▶ **Records from a collection**:
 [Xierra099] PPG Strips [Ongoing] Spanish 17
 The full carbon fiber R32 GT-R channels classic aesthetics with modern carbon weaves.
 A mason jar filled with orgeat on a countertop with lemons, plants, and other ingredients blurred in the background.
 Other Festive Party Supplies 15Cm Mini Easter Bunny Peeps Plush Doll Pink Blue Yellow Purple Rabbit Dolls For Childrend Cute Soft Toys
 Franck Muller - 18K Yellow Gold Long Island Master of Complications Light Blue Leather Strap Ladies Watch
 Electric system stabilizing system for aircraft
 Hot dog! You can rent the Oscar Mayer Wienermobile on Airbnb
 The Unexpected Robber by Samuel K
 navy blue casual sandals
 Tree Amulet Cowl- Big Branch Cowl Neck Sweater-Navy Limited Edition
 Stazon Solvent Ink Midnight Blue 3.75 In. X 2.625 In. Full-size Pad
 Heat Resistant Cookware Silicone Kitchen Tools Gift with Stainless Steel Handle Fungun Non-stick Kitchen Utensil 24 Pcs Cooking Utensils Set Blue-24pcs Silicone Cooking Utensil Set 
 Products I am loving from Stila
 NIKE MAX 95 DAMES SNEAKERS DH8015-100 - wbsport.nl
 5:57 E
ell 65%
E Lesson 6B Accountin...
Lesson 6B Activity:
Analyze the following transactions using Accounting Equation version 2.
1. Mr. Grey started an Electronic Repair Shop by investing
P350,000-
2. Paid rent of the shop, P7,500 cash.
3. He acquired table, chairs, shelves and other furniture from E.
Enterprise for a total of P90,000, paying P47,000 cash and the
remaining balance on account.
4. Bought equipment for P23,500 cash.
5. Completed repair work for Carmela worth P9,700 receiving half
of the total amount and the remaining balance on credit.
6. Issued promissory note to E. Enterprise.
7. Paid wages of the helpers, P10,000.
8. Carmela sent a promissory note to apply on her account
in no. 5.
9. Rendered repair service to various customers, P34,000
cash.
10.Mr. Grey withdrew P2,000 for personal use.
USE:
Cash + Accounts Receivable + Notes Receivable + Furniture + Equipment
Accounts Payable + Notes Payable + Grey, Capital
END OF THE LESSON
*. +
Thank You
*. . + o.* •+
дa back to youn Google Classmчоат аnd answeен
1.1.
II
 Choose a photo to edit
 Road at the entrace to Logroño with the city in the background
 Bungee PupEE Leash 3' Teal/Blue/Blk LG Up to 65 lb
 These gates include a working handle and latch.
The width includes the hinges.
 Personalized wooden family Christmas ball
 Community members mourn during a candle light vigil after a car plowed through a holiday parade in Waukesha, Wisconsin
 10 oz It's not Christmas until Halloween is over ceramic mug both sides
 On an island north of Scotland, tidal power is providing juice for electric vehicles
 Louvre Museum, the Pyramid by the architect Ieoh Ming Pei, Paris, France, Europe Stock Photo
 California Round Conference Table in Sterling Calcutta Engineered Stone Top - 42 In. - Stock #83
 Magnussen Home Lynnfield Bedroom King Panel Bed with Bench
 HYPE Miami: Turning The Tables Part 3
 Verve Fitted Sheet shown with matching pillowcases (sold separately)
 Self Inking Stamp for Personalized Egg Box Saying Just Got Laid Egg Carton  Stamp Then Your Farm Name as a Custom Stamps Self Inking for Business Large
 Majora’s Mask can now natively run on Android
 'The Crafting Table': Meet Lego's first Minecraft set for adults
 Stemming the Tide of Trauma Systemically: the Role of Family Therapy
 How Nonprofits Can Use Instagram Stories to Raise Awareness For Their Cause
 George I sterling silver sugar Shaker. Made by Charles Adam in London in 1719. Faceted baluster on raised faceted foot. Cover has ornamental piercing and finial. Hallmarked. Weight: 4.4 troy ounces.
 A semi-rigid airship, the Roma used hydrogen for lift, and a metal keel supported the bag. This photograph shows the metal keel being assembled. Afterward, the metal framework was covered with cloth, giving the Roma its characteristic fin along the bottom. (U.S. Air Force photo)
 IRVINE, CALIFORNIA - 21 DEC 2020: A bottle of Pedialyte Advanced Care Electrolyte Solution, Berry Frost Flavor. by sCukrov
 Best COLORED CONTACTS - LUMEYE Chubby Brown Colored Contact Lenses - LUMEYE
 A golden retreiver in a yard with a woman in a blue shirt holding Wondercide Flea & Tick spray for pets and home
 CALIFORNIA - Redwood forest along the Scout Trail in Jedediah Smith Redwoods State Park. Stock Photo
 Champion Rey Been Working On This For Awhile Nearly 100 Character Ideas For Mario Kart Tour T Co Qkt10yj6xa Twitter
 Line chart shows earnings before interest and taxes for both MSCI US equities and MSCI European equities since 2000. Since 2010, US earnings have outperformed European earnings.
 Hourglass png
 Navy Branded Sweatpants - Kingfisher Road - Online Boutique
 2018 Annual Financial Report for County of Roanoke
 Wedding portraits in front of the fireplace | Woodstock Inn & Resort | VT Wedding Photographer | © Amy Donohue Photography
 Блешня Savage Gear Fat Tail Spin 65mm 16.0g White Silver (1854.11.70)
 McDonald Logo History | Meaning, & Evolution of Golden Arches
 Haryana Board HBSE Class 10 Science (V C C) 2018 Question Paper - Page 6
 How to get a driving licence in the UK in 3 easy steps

▶ **Activity**:
Emit the records above again, exactly, with no line skipped.

▶ **Answer to the exercise**:
 [Xierra099] PPG Strips [Ongoing] Spanish 17
 The full carbon fiber R32 GT-R channels classic aesthetics with modern carbon weaves.
 A mason jar filled with orgeat on a countertop with lemons, plants, and other ingredients blurred in the background.
 Other Festive Party Supplies 15Cm Mini Easter Bunny Peeps Plush Doll Pink Blue Yellow Purple Rabbit Dolls For Childrend Cute Soft Toys
 Franck Muller - 18K Yellow Gold Long Island Master of Complications Light Blue Leather Strap Ladies Watch
 Electric system stabilizing system for aircraft
 Hot dog! You can rent the Oscar Mayer Wienermobile on Airbnb
 The Unexpected Robber by Samuel K
 navy blue casual sandals
 Tree Amulet Cowl- Big Branch Cowl Neck Sweater-Navy Limited Edition
 Stazon Solvent Ink Midnight Blue 3.75 In. X 2.625 In. Full-size Pad
 Heat Resistant Cookware Silicone Kitchen Tools Gift with Stainless Steel Handle Fungun Non-stick Kitchen Utensil 24 Pcs Cooking Utensils Set Blue-24pcs Silicone Cooking Utensil Set 
 Products I am loving from Stila
 NIKE MAX 95 DAMES SNEAKERS DH8015-100 - wbsport.nl
 5:57 E
ell 65%
E Lesson 6B Accountin...
Lesson 6B Activity:
Analyze the following transactions using Accounting Equation version 2.
1. Mr. Grey started an Electronic Repair Shop by investing
P350,000-
2. Paid rent of the shop, P7,500 cash.
3. He acquired table, chairs, shelves and other furniture from E.
Enterprise for a total of P90,000, paying P47,000 cash and the
remaining balance on account.
4. Bought equipment for P23,500 cash.
5. Completed repair work for Carmela worth P9,700 receiving half
of the total amount and the remaining balance on credit.
6. Issued promissory note to E. Enterprise.
7. Paid wages of the helpers, P10,000.
8. Carmela sent a promissory note to apply on her account
in no. 5.
9. Rendered repair service to various customers, P34,000
cash.
10.Mr. Grey withdrew P2,000 for personal use.
USE:
Cash + Accounts Receivable + Notes Receivable + Furniture + Equipment
Accounts Payable + Notes Payable + Grey, Capital
END OF THE LESSON
*. +
Thank You
*. . + o.* •+
дa back to youn Google Classmчоат аnd answeен
1.1.
II
 Choose a photo to edit
 Road at the entrace to Logroño with the city in the background
 Bungee PupEE Leash 3' Teal/Blue/Blk LG Up to 65 lb
 These gates include a working handle and latch.
The width includes the hinges.
 Personalized wooden family Christmas ball
 Community members mourn during a candle light vigil after a car plowed through a holiday parade in Waukesha, Wisconsin
 10 oz It's not Christmas until Halloween is over ceramic mug both sides
 On an island north of Scotland, tidal power is providing juice for electric vehicles
 Louvre Museum, the Pyramid by the architect Ieoh Ming Pei, Paris, France, Europe Stock Photo
 California Round Conference Table in Sterling Calcutta Engineered Stone Top - 42 In. - Stock #83
 Magnussen Home Lynnfield Bedroom King Panel Bed with Bench
 HYPE Miami: Turning The Tables Part 3
 Verve Fitted Sheet shown with matching pillowcases (sold separately)
 Self Inking Stamp for Personalized Egg Box Saying Just Got Laid Egg Carton  Stamp Then Your Farm Name as a Custom Stamps Self Inking for Business Large
 Majora’s Mask can now natively run on Android
 'The Crafting Table': Meet Lego's first Minecraft set for adults
 Stemming the Tide of Trauma Systemically: the Role of Family Therapy
 How Nonprofits Can Use Instagram Stories to Raise Awareness For Their Cause
 George I sterling silver sugar Shaker. Made by Charles Adam in London in 1719. Faceted baluster on raised faceted foot. Cover has ornamental piercing and finial. Hallmarked. Weight: 4.4 troy ounces.
 A semi-rigid airship, the Roma used hydrogen for lift, and a metal keel supported the bag. This photograph shows the metal keel being assembled. Afterward, the metal framework was covered with cloth, giving the Roma its characteristic fin along the bottom. (U.S. Air Force photo)
 IRVINE, CALIFORNIA - 21 DEC 2020: A bottle of Pedialyte Advanced Care Electrolyte Solution, Berry Frost Flavor. by sCukrov
 Best COLORED CONTACTS - LUMEYE Chubby Brown Colored Contact Lenses - LUMEYE
 A golden retreiver in a yard with a woman in a blue shirt holding Wondercide Flea & Tick spray for pets and home
 CALIFORNIA - Redwood forest along the Scout Trail in Jedediah Smith Redwoods State Park. Stock Photo
 Champion Rey Been Working On This For Awhile Nearly 100 Character Ideas For Mario Kart Tour T Co Qkt10yj6xa Twitter
 Line chart shows earnings before interest and taxes for both MSCI US equities and MSCI European equities since 2000. Since 2010, US earnings have outperformed European earnings.
 Hourglass png
 Navy Branded Sweatpants - Kingfisher Road - Online Boutique
 2018 Annual Financial Report for County of Roanoke
 Wedding portraits in front of the fireplace | Woodstock Inn & Resort | VT Wedding Photographer | © Amy Donohue Photography
 Блешня Savage Gear Fat Tail Spin 65mm 16.0g White Silver (1854.11.70)
 McDonald Logo History | Meaning, & Evolution of Golden Arches
 Haryana Board HBSE Class 10 Science (V C C) 2018 Question Paper - Page 6
 How to get a driving licence in the UK in 3 easy steps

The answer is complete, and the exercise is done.